【エルサレム時事】イスラエルとイスラム組織ハマスは22日、それぞれが拘束する受刑者や人質の一部を解放するとともに、戦闘を少なくとも4日間休止することで合意した。交渉の仲介に当たっていたカタールが合意内容を発表した。10月7日の衝突開始後、ある程度の期間の戦闘休止を伴う合意が成立したのは初めて。
パレスチナ自治区ガザには、約240人の人質が拘束されている。カタール政府によると、ハマスがこのうち女性と子供の計50人を解放するのと引き換えに、イスラエルは同国内で収監しているパレスチナ人の女性や子供を釈放。合意の履行に応じ、解放・釈放される人数は増えるという。これまでにハマスが解放したのは、高齢女性ら計4人にとどまっている。
戦闘休止は4日間で、開始は23日以降になる見通し。AFP通信によると、イスラエル政府は声明で、ハマス側が追加で人質を10人解放するたび、休止を1日延ばすと説明している。
この間、極度に悪化しているガザの人道状況改善に向け、イスラエルは人道目的の燃料を含む「多くの支援物資」の搬入を認める。
イスラエルのネタニヤフ首相は、合意承認のための閣議冒頭、「難しい決断だが、正しい決定だ」と強調した。AFPによれば、ハマスは声明で、釈放されるパレスチナ人が150人になるとの見通しを示した上で、「占領者(イスラエル)が合意を尊重する限り、われわれも『停戦』を守る」と表明した。
ただ、ネタニヤフ氏は閣議で、戦闘休止がハマスとの戦争を放棄することにつながるとの観測を「ばかげている」と一蹴。ハマスの排除と人質全員の帰還を果たし、ガザからの脅威がなくなるまで「戦争を続ける」と明言した。

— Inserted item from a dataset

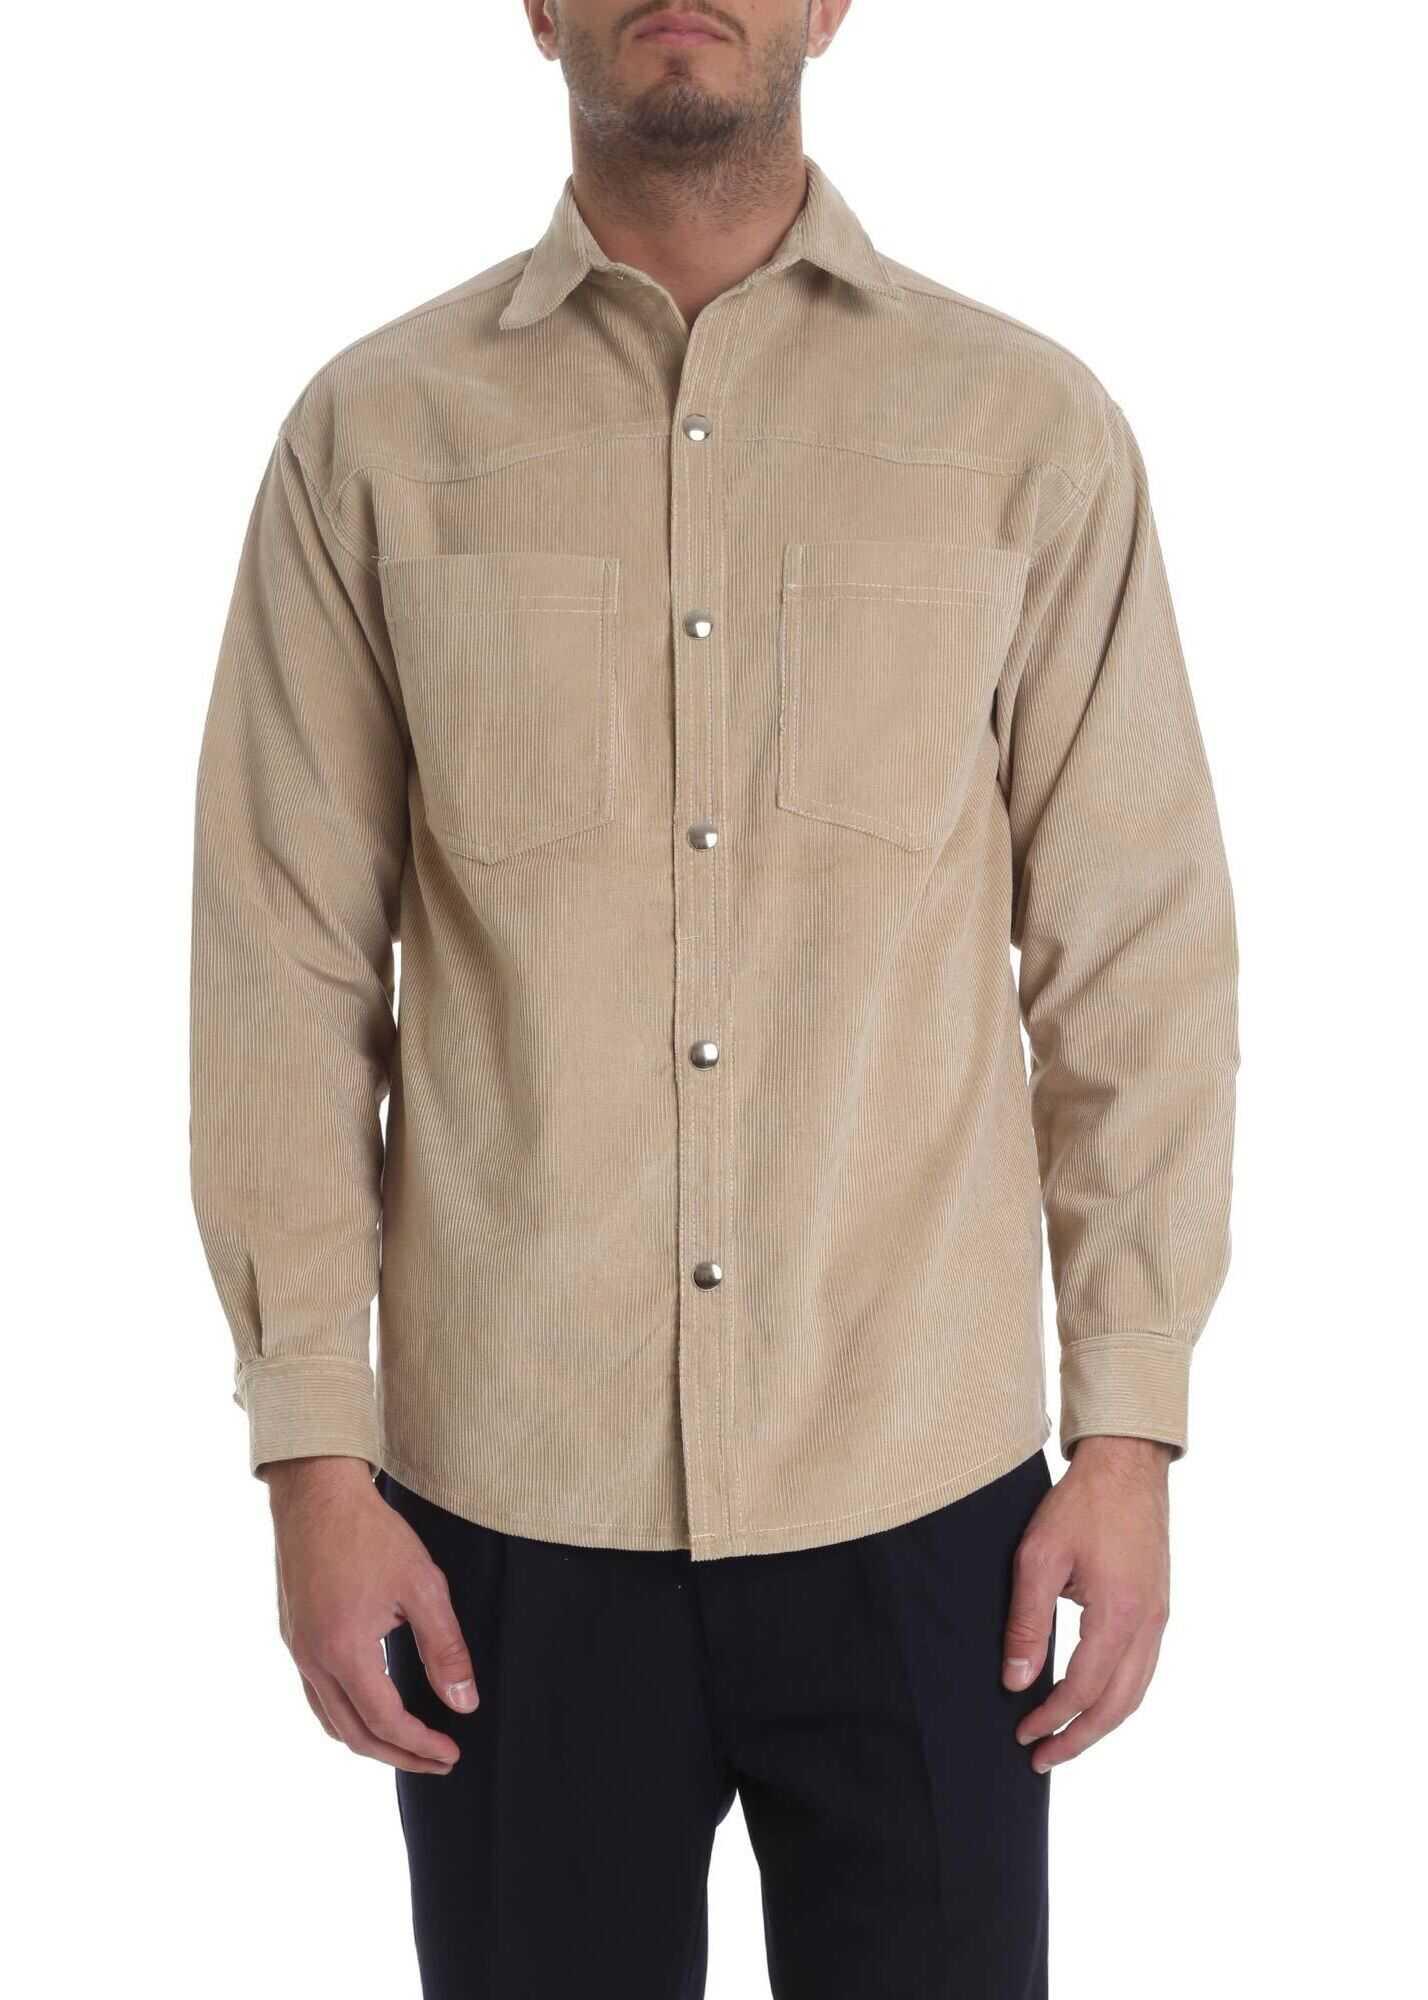 Ribbon Clothing Corduroy Cotton Shirt In Beige Beige imagine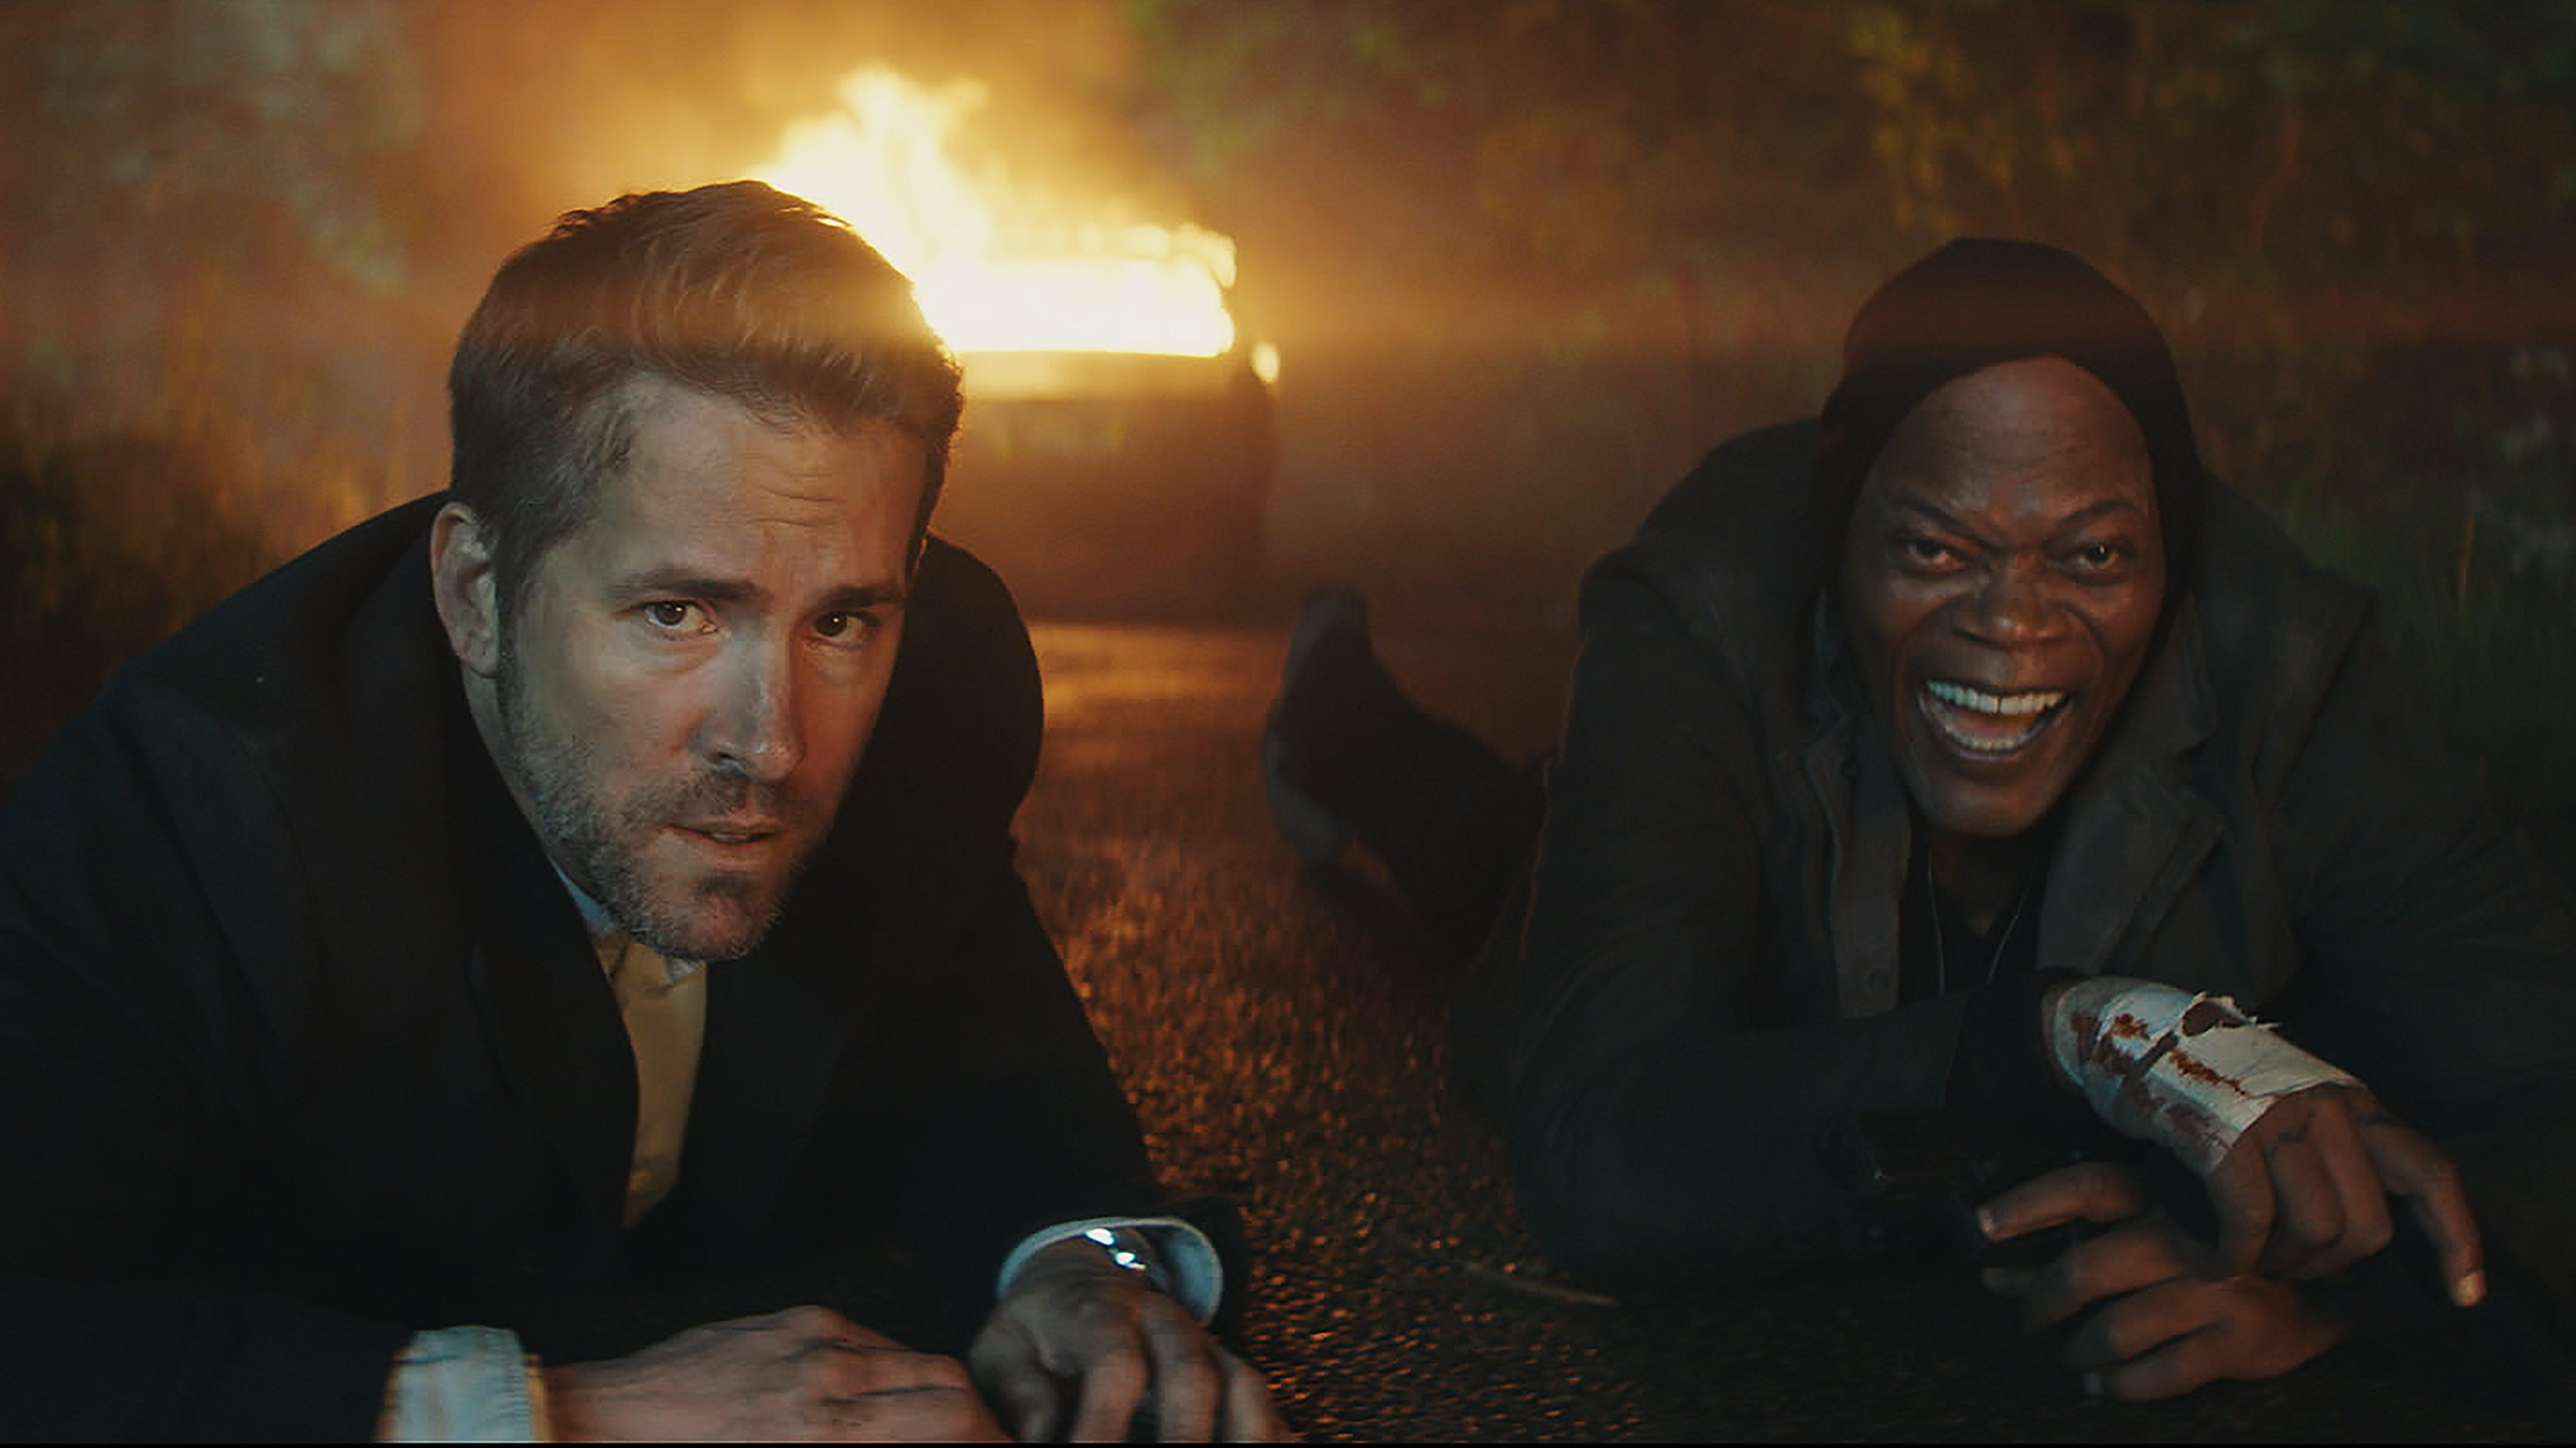 Michael Bryce (Ryan Reynolds) and Darius Kincaid (Samuel L. Jackson) in THE HITMAN'S BODYGUARD. Image Courtesy of Lionsgate Entertainment.

交渉が大詰めを迎えた中でも、イスラエル軍はガザへの攻撃を続けた。22日の中東の衛星テレビ局アルジャジーラによると、検問所のあるラファなど南部でも空爆を加え、南部ハンユニスでは住宅が攻撃され少なくとも人が死亡。ガザでの死者は22日までに1万4000人を超えた。
また、世界保健機関(WHO)は、これまでに医師ら医療従事者53人が職務中に命を落としたと明らかにした。報道関係者の犠牲も相次ぎ、米拠点のジャーナリスト保護委員会(CPJ)の集計では、パレスチナ人46人を含む53人が死亡している。